Time | Start | In progress | Finish |
---|---|---|---|

0 | operation A | ||

1 | operation B | A | |

2 | operation C | B, A | |

3 | operation D | C, B, A | |

4 | operation E | D, C, B, A | |

5 | operation F | E, D, C, B | A |

6 | operation G | F, E, D, C | B |

7 | operation H | G, F, E, D | C |

8 | operation I | H, G, F, E | D |

9 | operation J | I, H, G, F | E |

10 | operation K | J, I, H, G | F |

11 | operation L | K, J, I, H | G |

Thanks to pipelining, each arithmetic unit typically has a throughput of 1 operation per clock cycle, and modern CPUs have a large number of parallel arithmetic units. For example, in a typical modern CPU there are 16 parallel units for single-precision floating point multiplications per core. Hence a modern *4-core CPU* can do floating point multiplications at a throughput of **64 operations per clock cycle**, or roughly *200 billion operations per second* (recall that the clock speed is typically around 3 GHz, i.e., 3 billion clock cycles per second).

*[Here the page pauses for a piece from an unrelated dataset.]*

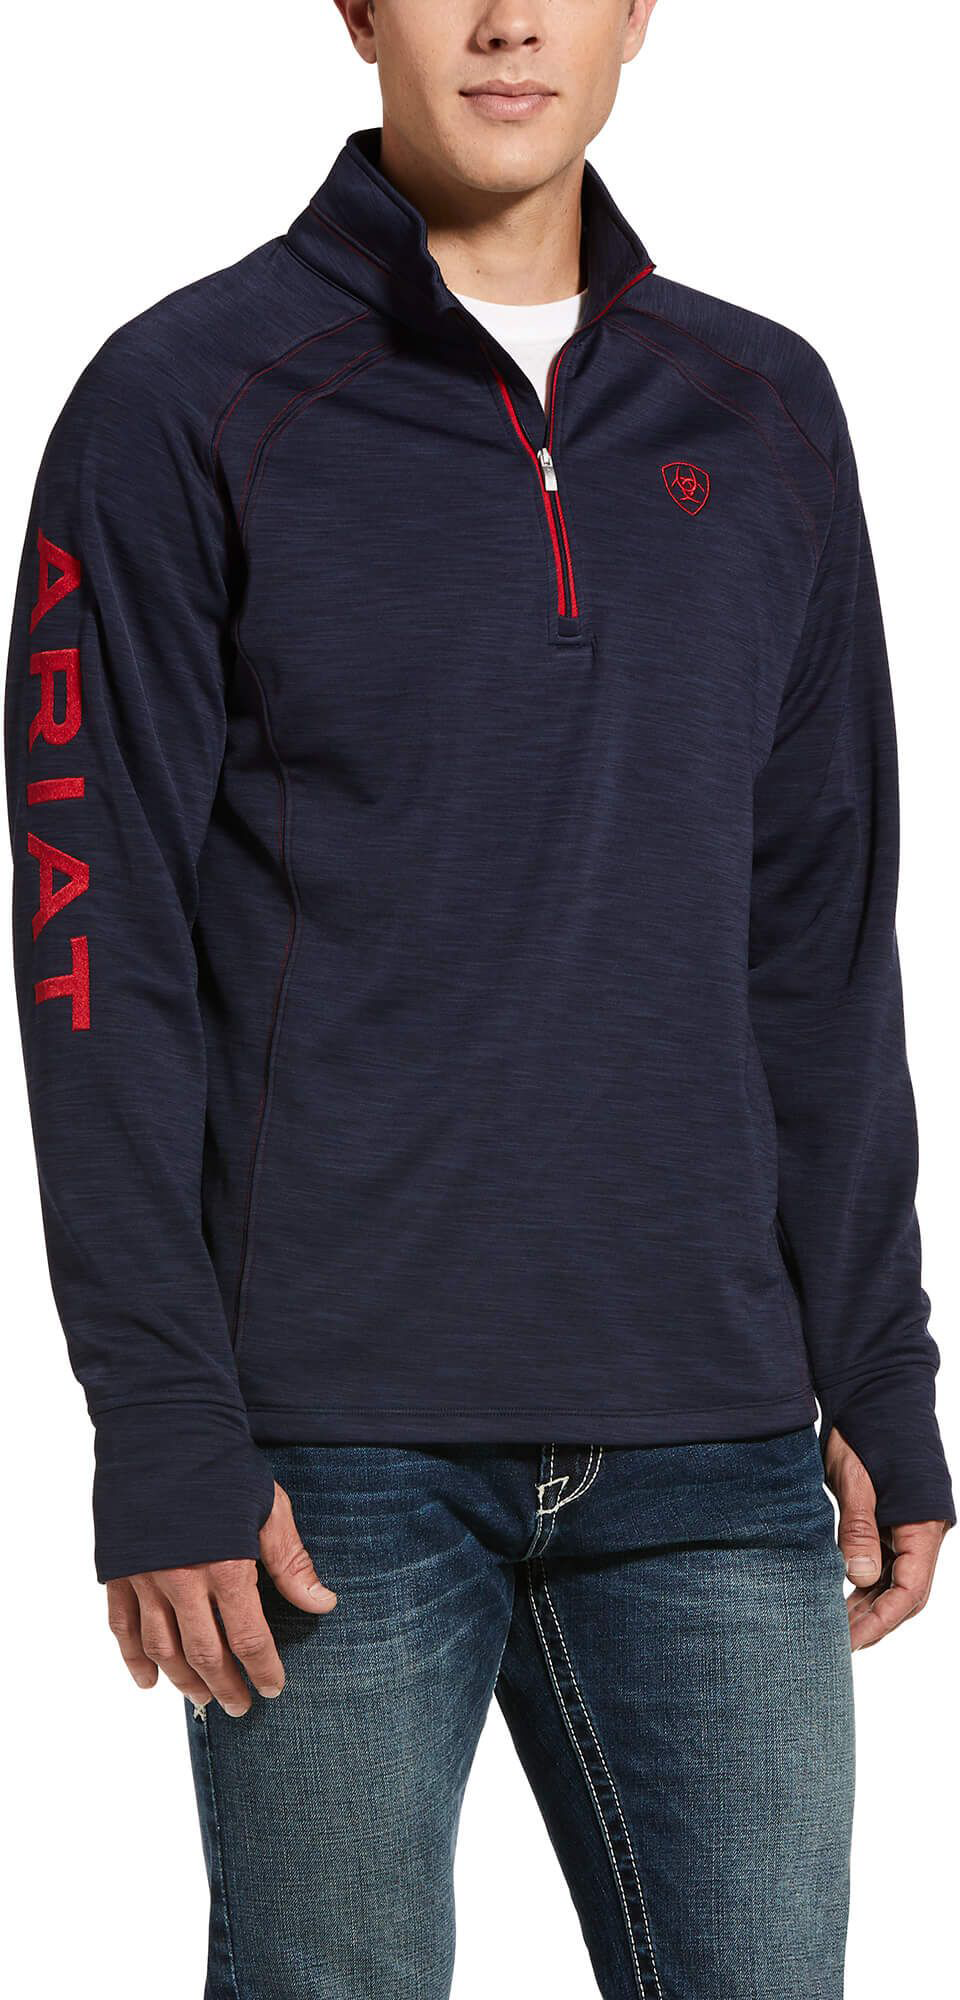 Ariat Tek Team Half-Zip Long-Sleeve Sweatshirt for Men

This is a dramatic improvement in comparison with the CPUs from the 1990s, in which the throughput of floating point multiplications was typically in the ballpark of *0.5 operations per clock cycle*.

In summary, the performance of modern CPUs is steadily increasing, but it is **new kind of performance**: the latency of individual operations is not improving at all, only throughput is improving. And to benefit from the new kind of performance, we will need **new kind of software** that explicitly takes into account the difference between throughput and latency.

With old code, a computer from 2019 is not any faster than a computer from 2000. In this course we will learn how to write new code that is designed with modern computers in mind.